Reference set contains only very few AT1 and AT2 cells, but SingleR assigned most of cells in test dataset to AT1 and AT2 cells, is it statistically and computationally reasonable?

[lkqnaruto]

Hi

My the reference dataset contains very few AT1 cells and AT2 cells (around 1% of total number of cells), however, in the output of SIngleR, cells which are annotated as AT1 cells and AT2 cells dominates in the test set, almost 30%, I wonder whether this is statistically and computationally reasonable?

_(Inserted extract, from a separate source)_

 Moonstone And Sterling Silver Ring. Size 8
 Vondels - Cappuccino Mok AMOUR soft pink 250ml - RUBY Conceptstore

I know SingleR choose the "best" label for a cell by iteratively filtering out the bad candidate labels until two labels left. From this point of view, it looks like the case where SingleR identifies more AT1 cells and AT2 cells than my expectation (in terms of the proportion) is reasonable. But I still would like to have some input from you guys, it would be very helpful to have your feedback on this case.

Thanks!

[LTLA]

In general, the proportional composition of the reference and the composition of the test do not have to be the same, or even particularly similar, as long as the cell types in the reference are a superset of those in the test. If my reference contained PBMCs and my test contained some purified subtype, then a difference in composition is not surprising.

That said, if you're expecting the reference and test to be similar, then there is some cause for concern. I would run through some of the diagnostics in the book and check that the predicted AT1 cells are expressing some sensible markers for AT1, based on the de.genes and some biological knowledge of what defines an AT1 cell. That should indicate whether the labels can be trusted.